Kamala Harris vs Price Gouging/Rationing
NRO reports today that Cuba has cut bread ration from 80 grams to 60 grams per day.
Doesn’t that sound like headline news from the mid 1950s? Not at all, assures Dominic Pino in NRO. It is not news from 50 years ago. It is news of today.
Is This Normal
In Cuba that bread costs about one-third of a cent (about one peso), explains Dominic Pino.
There are private markets in Cuba for bread sold at market rates. The problem is that the average Cuban makes only $15 (4,648 pesos) per month, so he can’t afford to pay even a dollar for bread.
Implications of Kamala’s Potential Presidency
The Kamala Harris campaign unveiled sweeping plans to enact “the first-ever federal ban on price-gouging on food and groceries” in her first hundred days, warns Marc Oestreich in Spectator.
The price ceilings would extend to prescription drugs and into other industries as well, seeking to put a cap on so-called “excessive” profits. If the language sounds familiar, it is. If it sounds troubling, it ought to. If that’s surprising, it shouldn’t be.
A Neoclassical Perspective
Wouldn’t a more nuanced, evidence-based economic view consider technology, entrepreneurial risk, and other inputs in value creation? Call it “capitalist” if you wish, grants Mr. Oestreich. Whatever you call it, it does recognize that wages reflect labor’s marginal productivity, while profits drive investment and innovation, leading to economic growth.

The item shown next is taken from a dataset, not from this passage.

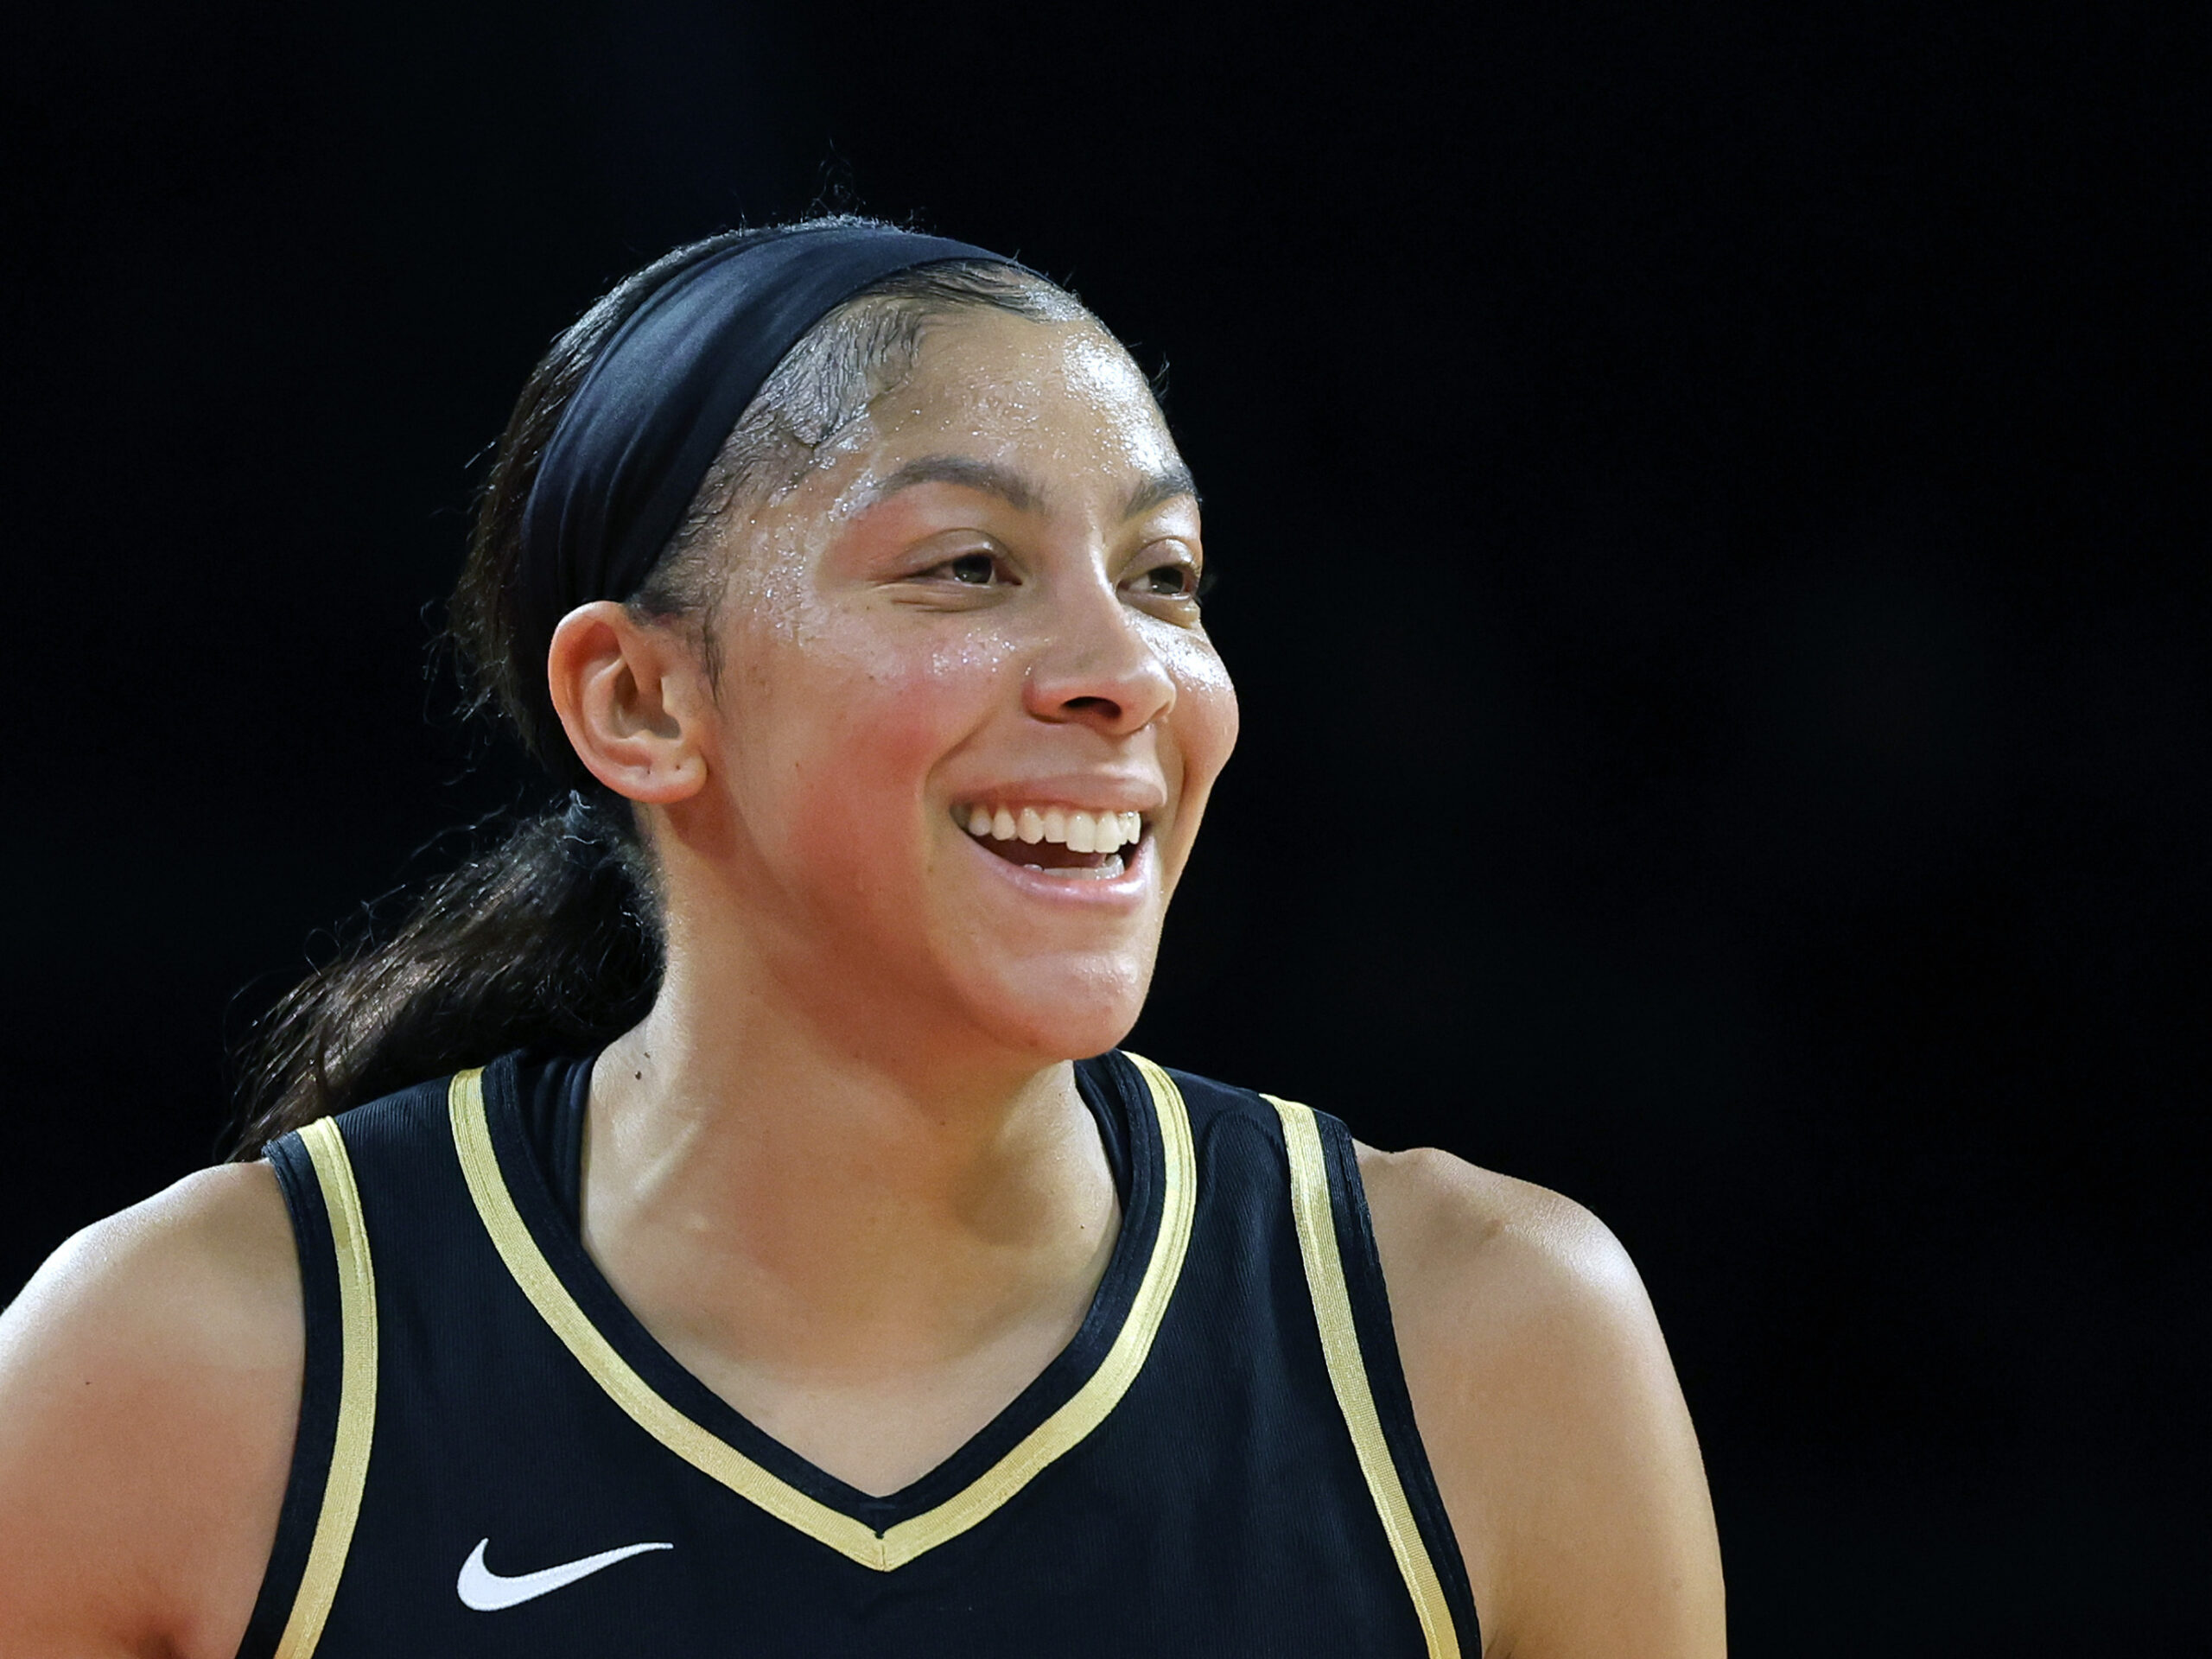 Candace Parker, 3-time WNBA and 2-time Olympic champion, says ‘it’s time’ to retire

Perhaps this notion is too complex for Kamala to embrace.
Back in Cuba, The Flour Tastes Like Acid
Reuters Reports:
Cuba’s ration book, or “libreta,” as it is known among island residents, was once considered a hallmark of Fidel Castro’s 1959 revolution, providing a range of deeply discounted products to all Cubans, including bread, fish, meat, milk, and cleaning and toiletry supplies.
Today, the crisis-racked government offers just a fraction of those products, and often, they arrive late, in poor quality or not at all.
That is the predictable consequence of rationing. If producers can’t charge the market price for a good, they’ll provide quality that matches the level they are allowed to charge.
One-third of a cent is going to be pretty low quality. But don’t worry: “Cuba’s government has said it planned to reinforce inspections at state bakeries to assure quality does not suffer.”
Waging War on Its Citizens
“Beyond the few remaining centrally planned economies like Cuba’s and North Korea’s, rationing is typically only used during wartime, natural disasters or specific contingencies.”
Greater Government Control of the Economy
Reuters, continues Mr. Pino, deserves credit for straightforwardly attributing the decision to “Cuba’s communist-run government.”
Cuba’s poverty is imposed on it by its Communist Party, which has had 65 uninterrupted years in power to figure things out. It hasn’t, because it can’t repeal the laws of economics.